В то время (1942) сестра Людмила каждую среду с утра пускалась в путь, оставив позади тесно друг к другу стоящие старые здания, где она кормила голодных, ухаживала за больными, обстирывала и утешала тех, кто без ее ночных обходов умер бы на улице. На поясе у нее висел на цепочке запертый кожаный мешочек. Следом за ней шагал рослый индийский юноша, вооруженный палкой. Юноши сменялись через полтора-два месяца. Мистер Говиндас, управляющий майапурским отделением Имперского индийского банка, куда она и направлялась по средам, однажды спросил ее: «Сестра Людмила, откуда у вас этот слуга?» – «Наверно, бог послал». – «А тот, что провожал вас в прошлом месяце? Его тоже бог послал?» – «Нет, – сказала сестра Людмила. – Тот вышел из тюрьмы, а недавно опять туда угодил». – «Вот к этому я и веду, – сказал мистер Говиндас. – Опасно доверять такому парню только потому, что, судя по виду, у него хватит силы за вас вступиться».

Сестра Людмила только улыбнулась и протянула ему чек, выписанный для оплаты наличными.

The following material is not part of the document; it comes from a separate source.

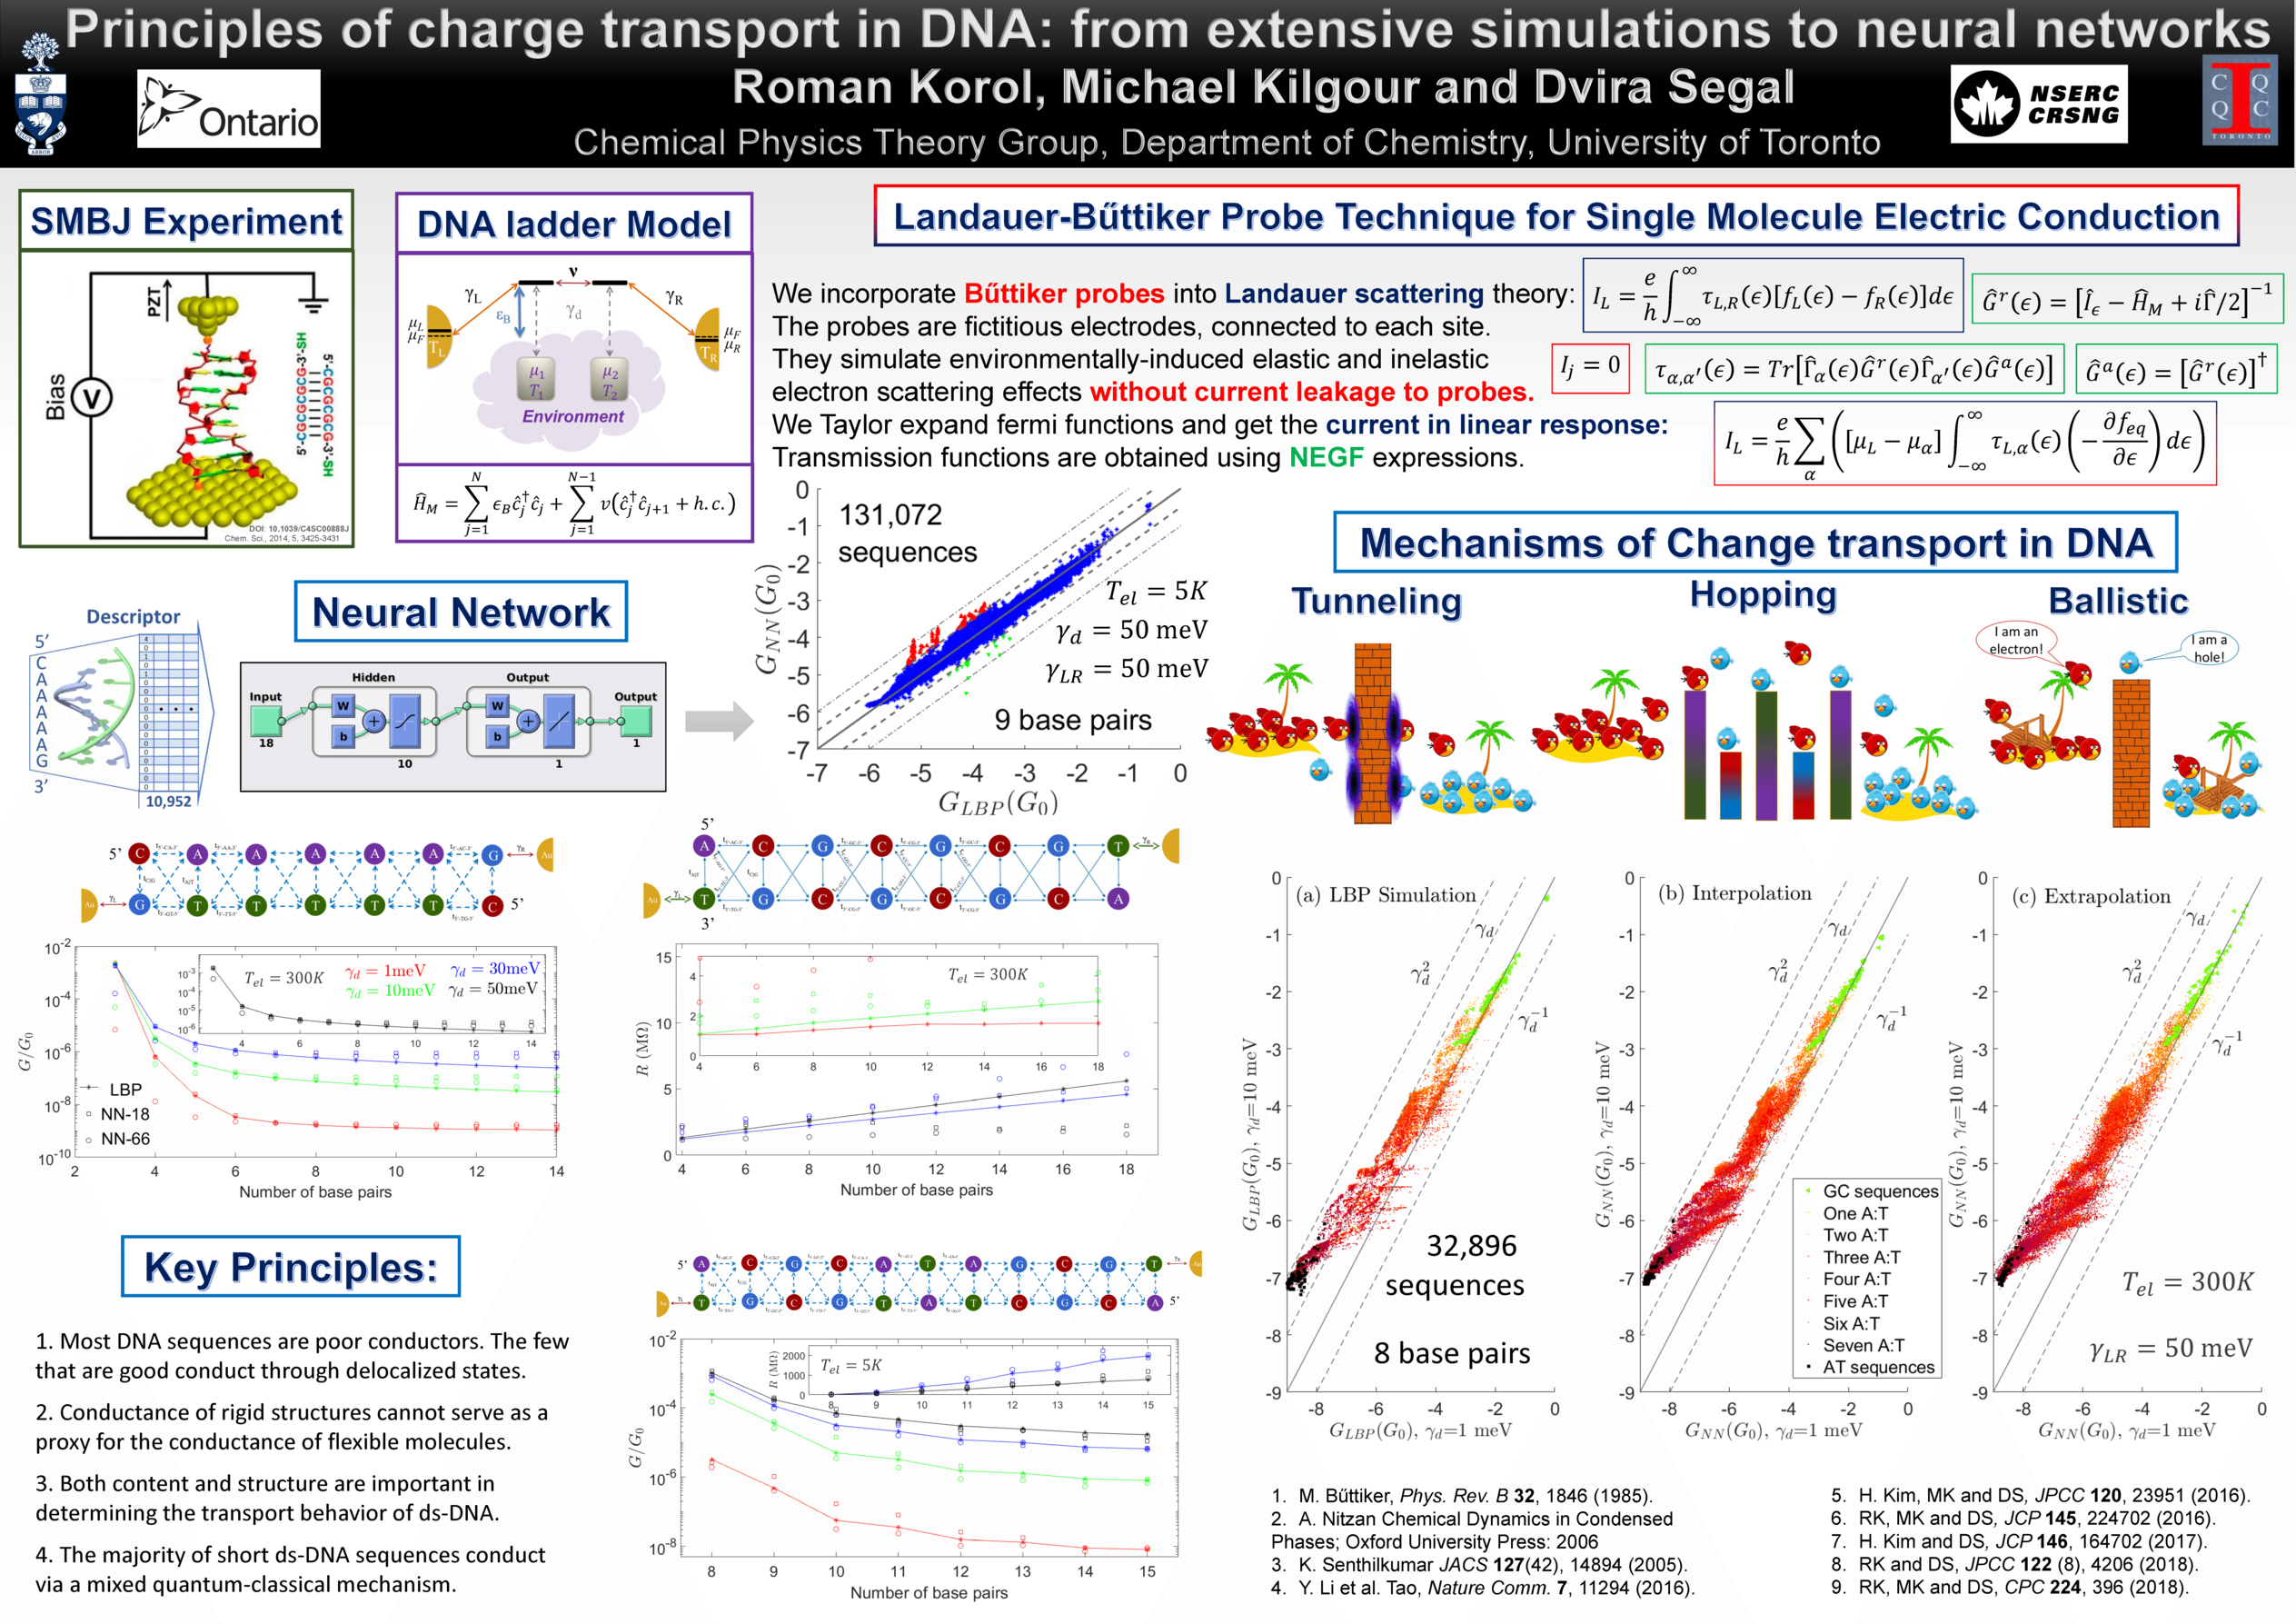 The poster I presented at the meeting on conductance of DNA

Из недели в неделю она приходила к мистеру Говиндасу и получала двести рупий. Чеки были выписаны на Имперский индийский банк в Бомбее. Имперский банк давно превратился в Государственный, а мистер Говиндас давно удалился от дел. Однако память у него до сих пор прекрасная. Поскольку она никогда не вносила денег и, как было известно мистеру Говиндасу, по всем счетам поставщиков расплачивалась чеками же, он мог только заключить, что либо у нее солидное состояние, либо ее вклад регулярно пополняется из какого-то другого источника. В долгосрочном распоряжении из Бомбея, санкционирующем выдачу ей денег, она значилась как миссис Людмила Смит, и та же подпись стояла на ее чеках. Позондировав одного приятеля в Бомбее, мистер Говиндас выяснил, что деньги поступают из казны некоего небольшого индийского княжества, их можно рассматривать как пенсию, потому что муж миссис Людмилы Смит, инженер, до конца жизни состоял на жалованье у этого князя. Свои двести рупий она брала такими купюрами: пятьдесят рупий бумажками по пять рупий, сто – бумажками по одной рупии и пятьдесят мелочью. Мистер Говиндас полагал, что почти вся мелочь и изрядная часть банкнотов в одну рупию раздается бедным, а остальное идет на жалованье ее помощникам и кое-какие покупки. Он знал, что мясо, крупу и овощи ей поставляют местные торговцы, с которыми она расплачивается раз в месяц, а лекарства она покупает в аптеке доктора Гулаба Сингха Сахиба со скидкой в 12,5 % для постоянных клиентов за вычетом 5 % за ежемесячные платежи. Знал он и то, что сестра Людмила выпивает всего один стакан апельсинового сока в день и ест всего раз в сутки – съедает порцию риса или гороха и на второе немного творога, лишь по пятницам позволяя себе скромное овощное карри, а по христианским праздникам – рыбу. Остальную еду поглощали ее помощники и голодающие, которых она подкармливала. Он много чего про нее знал. Порой подумывал, что, если б записать все, что он про нее узнал или слышал, хватило бы на несколько банковских бланков самого крупного формата. Но, зная все это, он продолжал считать, что ничего существенного не знает. И в 1942 году в Майапуре так считал не только мистер Говиндас.

Взять хотя бы ее возраст. Сколько ей может быть лет? Под монашескими складочками, сборочками и разлетающимися крыльями крахмального чепца ее лицо (иные называли его непроницаемым) непрерывно жило в каком-то стерильном благостном сиянии. Руки были руки женщины, привыкшей руководить работой других. Время их почти не коснулось. На безымянном пальце было одно-единственное кольцо – золотой венчальный ободок. Шею охватывала стойка крахмального белого нагрудника, прикрывавшего грудь и плечи. Глаза у нее были темные, глубоко посаженные, скулы немного выдающиеся – возможно, признак венгерской крови. Голос под стать глазам, тоже темный и глубокий. По-английски она говорила свободно, но с отрывисто резкими интонациями, на хинди – как базарная торговка. Англичане, говорит мистер Говиндас, утверждали, что в ее английской речи слышен немецкий акцент. Кто-то уверял, что у нее есть два паспорта: британский и французский. От роду ей давали лет пятьдесят – может быть, на пять лет больше или меньше.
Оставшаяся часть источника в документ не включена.